#### Records for this task ####
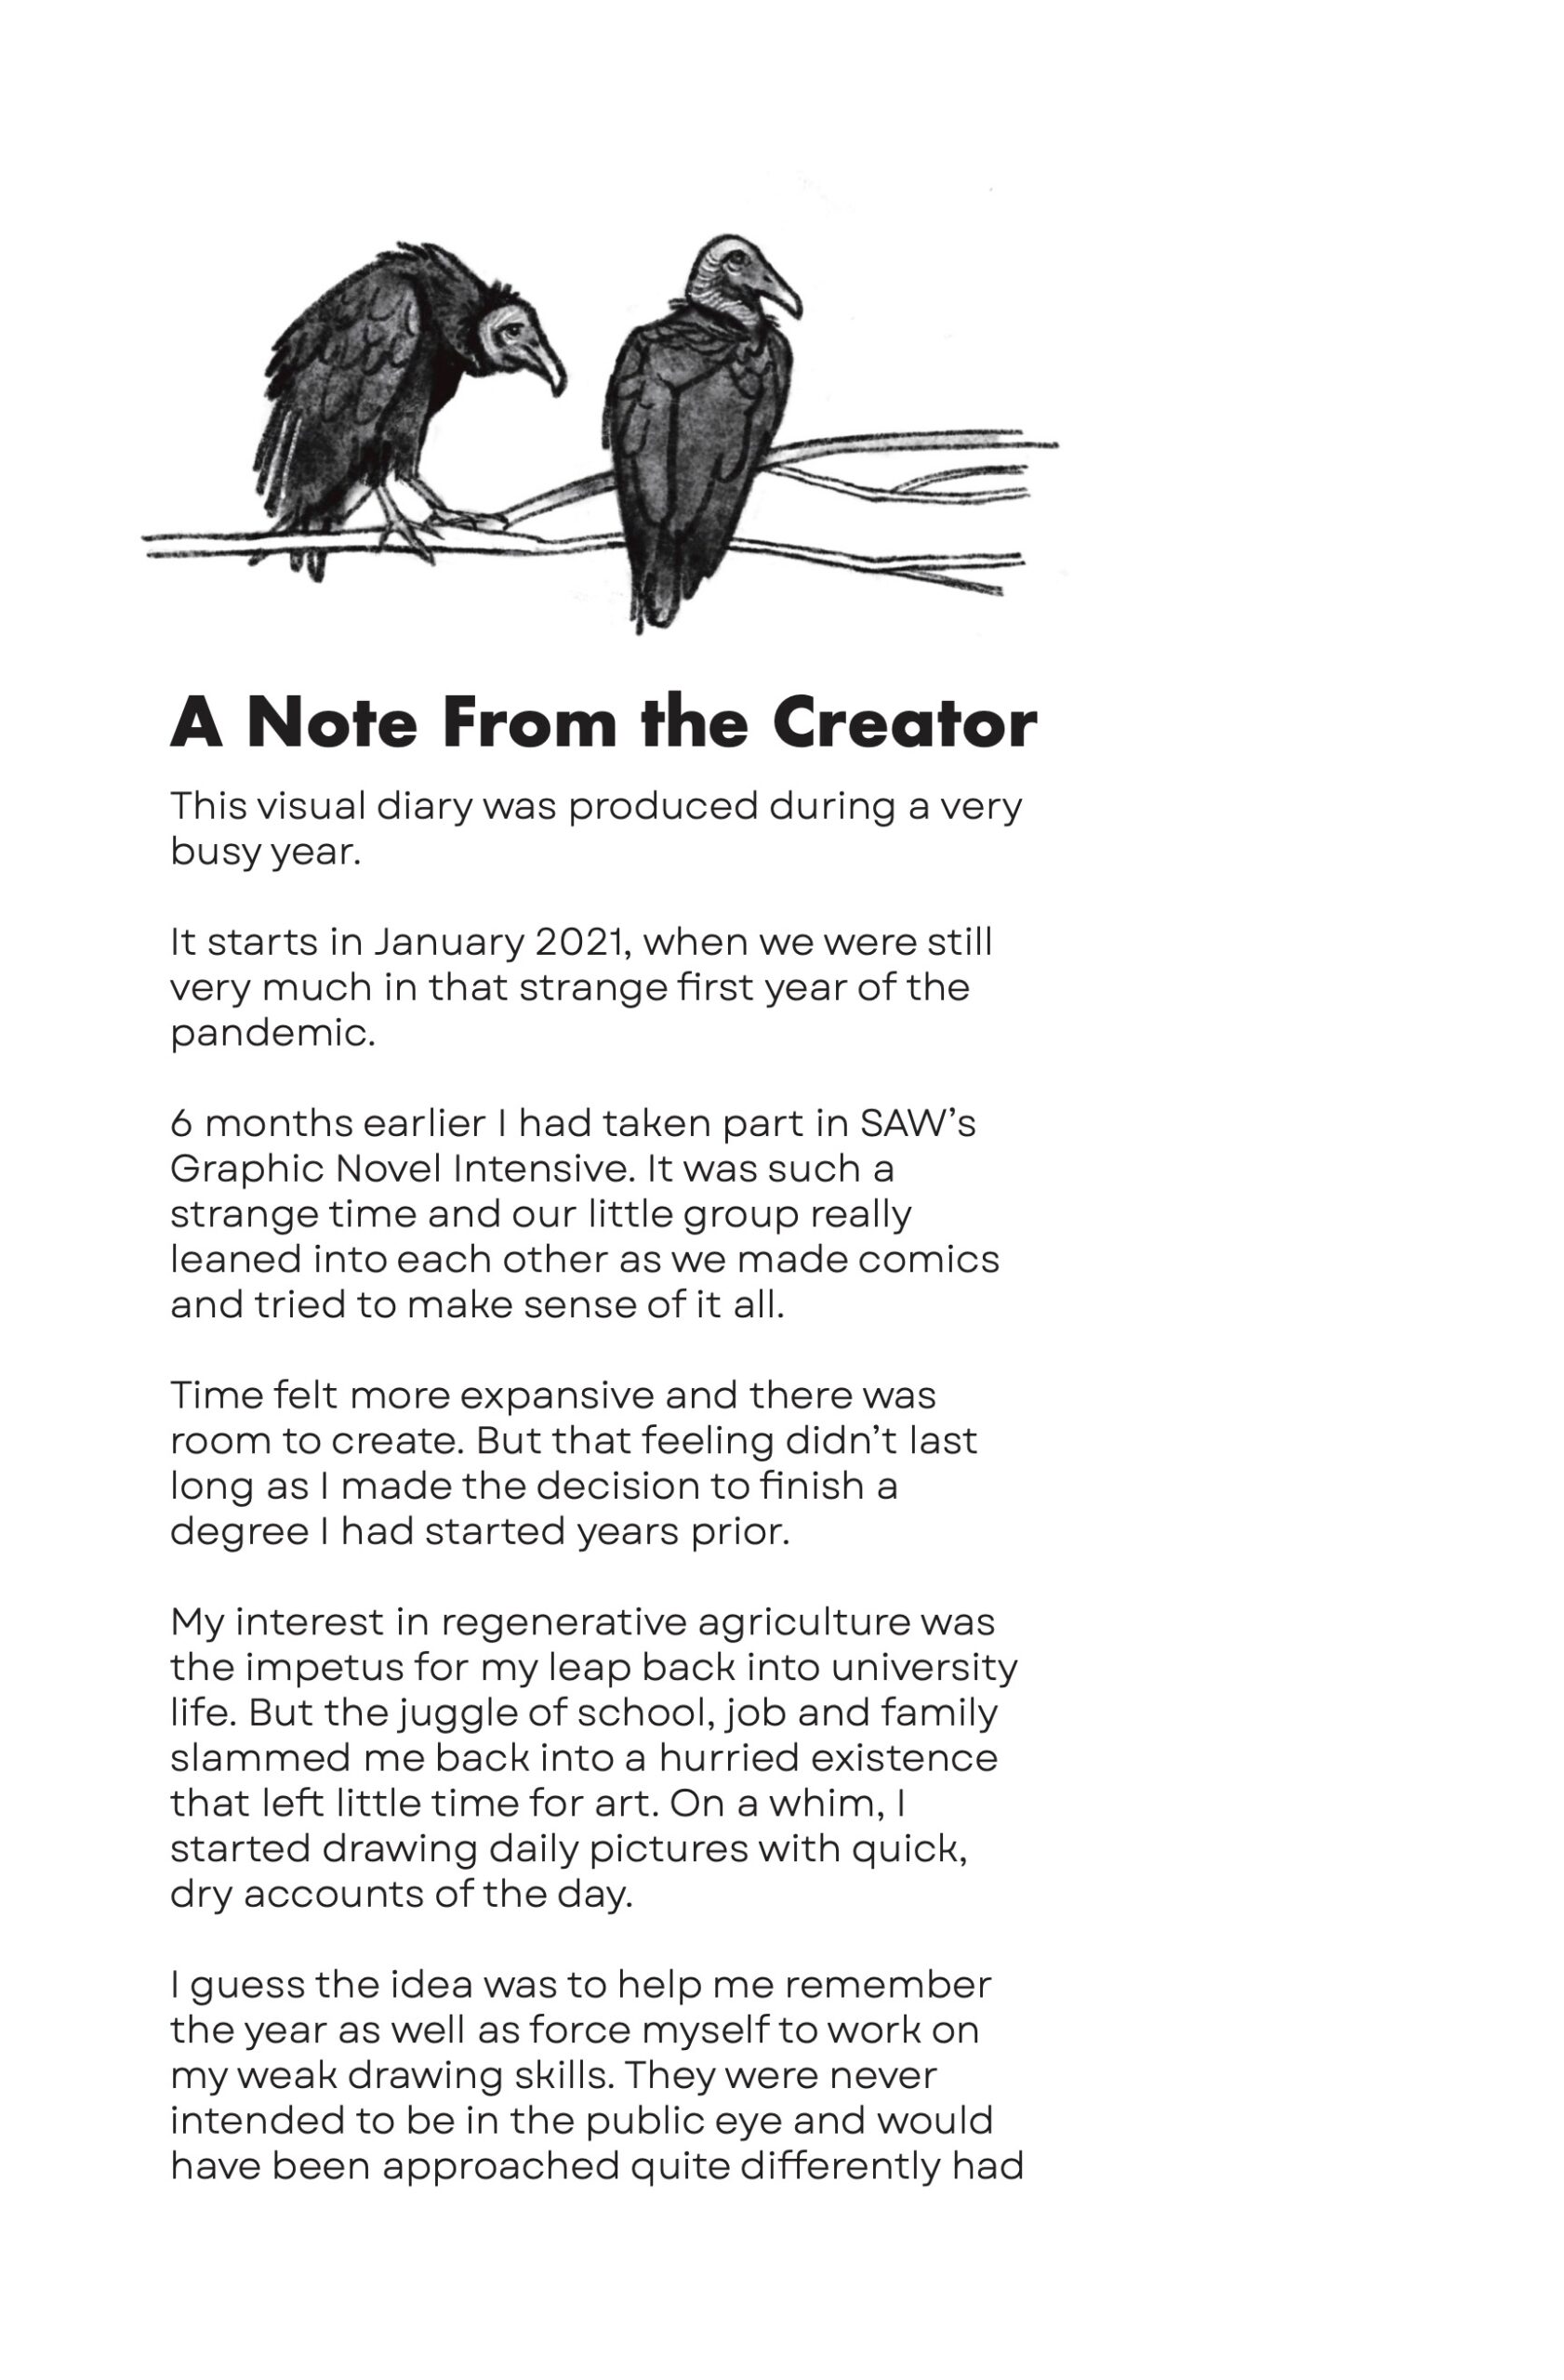 Two vultures are perched atop a branch running horizontally across the page, above the author note:

"A Note From the Creator
This visual diary was produced during a very busy year.

It starts in January 2021, when we were still very much in that strange first year of the pandemic.

6 months earlier I had taken part in SAWâ€™s Graphic Novel Intensive. It was such a strange time and our little group really leaned into each other as we made comics and tried to make sense of it all.

Time felt more expansive and there was room to create. But that feeling didnâ€™t last long as I made the decision to finish a degree I had started years prior.

My interest in regenerative agriculture was the impetus for my leap back into university life. But the juggle of school, job and family slammed me back into a hurried existence that left little time for art. On a whim, I started drawing daily pictures with quick, dry accounts of the day. I guess the idea was to help me remember the year as well as force myself to work on my weak drawing skills. They were never intended to be in the public eye and would have been approached quite differently hadâ€¦"
####
Instructions for the task
Return only the stretch of the material above from the line holding "This visual diary" through the line holding "6 months earlier", copied exactly.

Reply to the task
This visual diary was produced during a very busy year.

It starts in January 2021, when we were still very much in that strange first year of the pandemic.

6 months earlier I had taken part in SAWâ€™s Graphic Novel Intensive. It was such a strange time and our little group really leaned into each other as we made comics and tried to make sense of it all.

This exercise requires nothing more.